Elizabeth Bishop:says



I’d written since I was a child, but when I went to Vassar I was going to be a composer. I’d studied music at Walnut Hill and had a rather good teacher. I’d had a year of counterpoint and I also played the piano. At Vassar you had to perform in public once a month. Well, this terrified me. I really was sick. So I played once and then I gave up the piano because I couldn’t bear it. I don’t think I’d mind now, but I can’t play the piano anymore. Then the next year I switched to English.

It was a very literary class. Mary McCarthy was a year ahead of me. Eleanor Clark was in my class. And Muriel Rukeyser, for freshman year. We started a magazine you may have heard of, "Con Spirito." I think I was a junior then. There were six or seven of us -- Mary, Eleanor Clark and her older sister, my friends Margaret Miller and Frani Blough, and a couple of others. It was during Prohibition and we used to go downtown to a speakeasy and drink wine out of teacups. That was our big vice.
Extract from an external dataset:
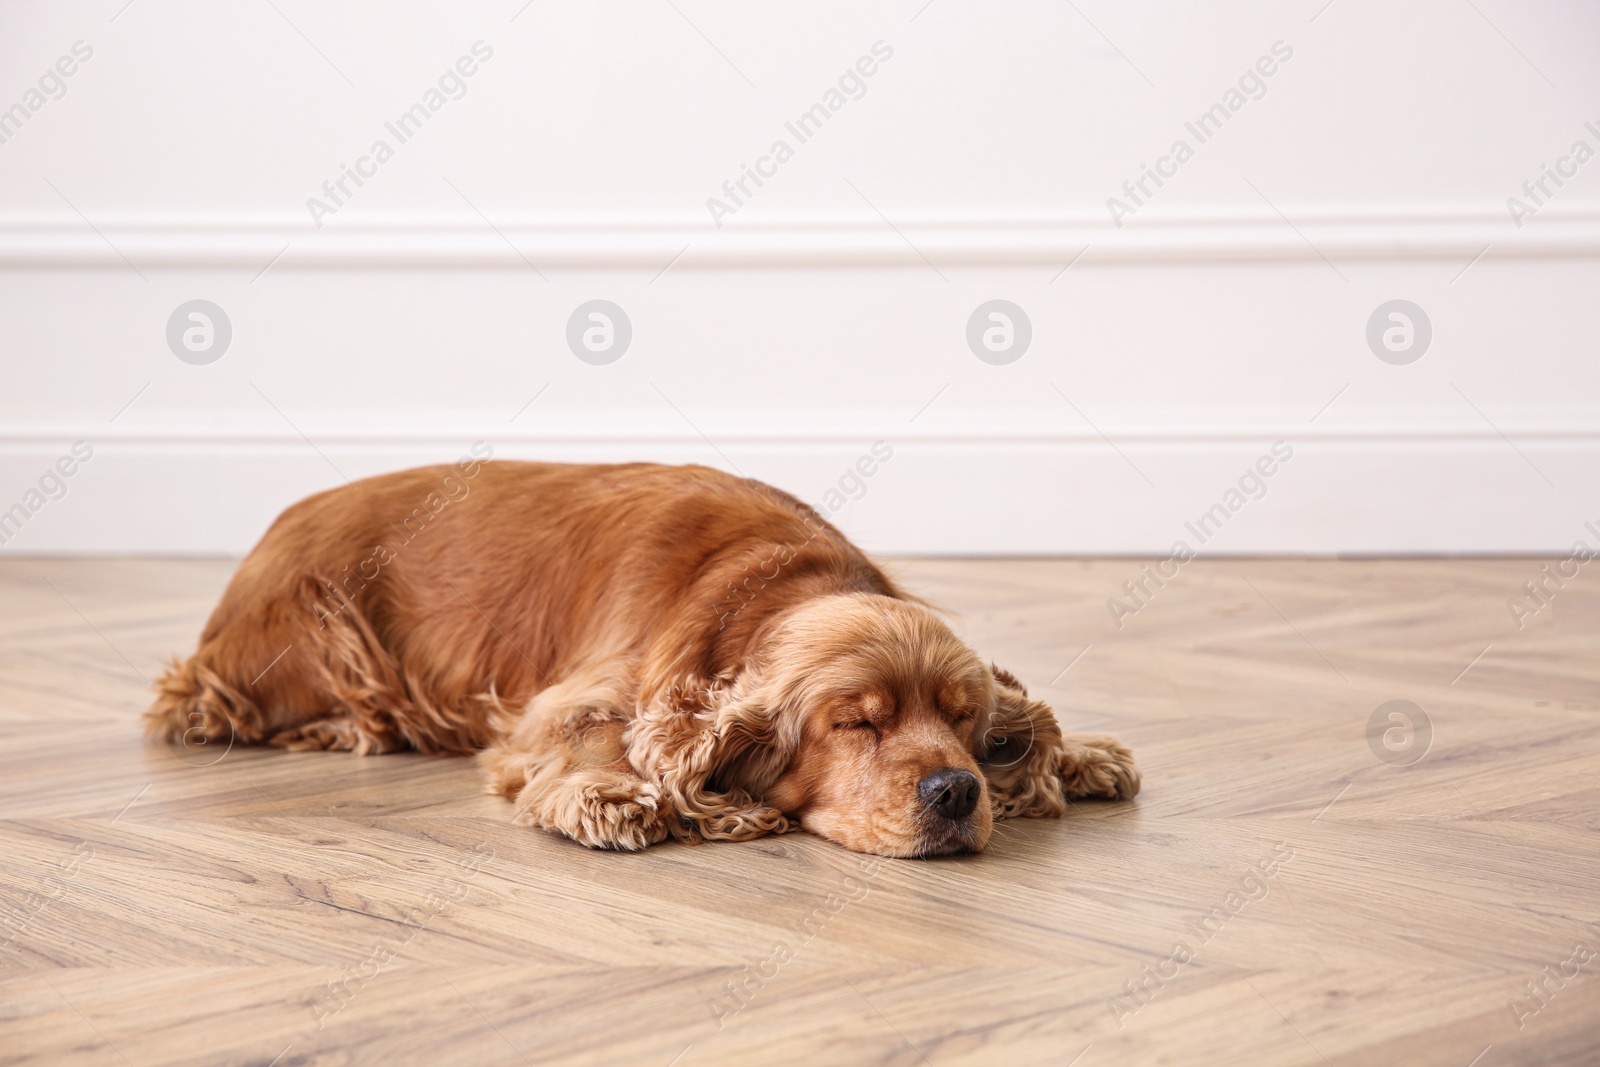 Photo of Cute Cocker Spaniel dog lying on warm floor indoors. Heating system

Ghastly stuff! Most of us had submitted things to the "Vassar Review" and they’d been turned down. It was very old-fashioned then. We were all rather put out because we thought we were good. So we thought, Well, we’ll start our own magazine. We thought it would be nice to have it anonymous, which it was. After its third issue the "Vassar Review" came around and a couple of our editors became editors on it and then they published things by us. But we had a wonderful time doing it while it lasted.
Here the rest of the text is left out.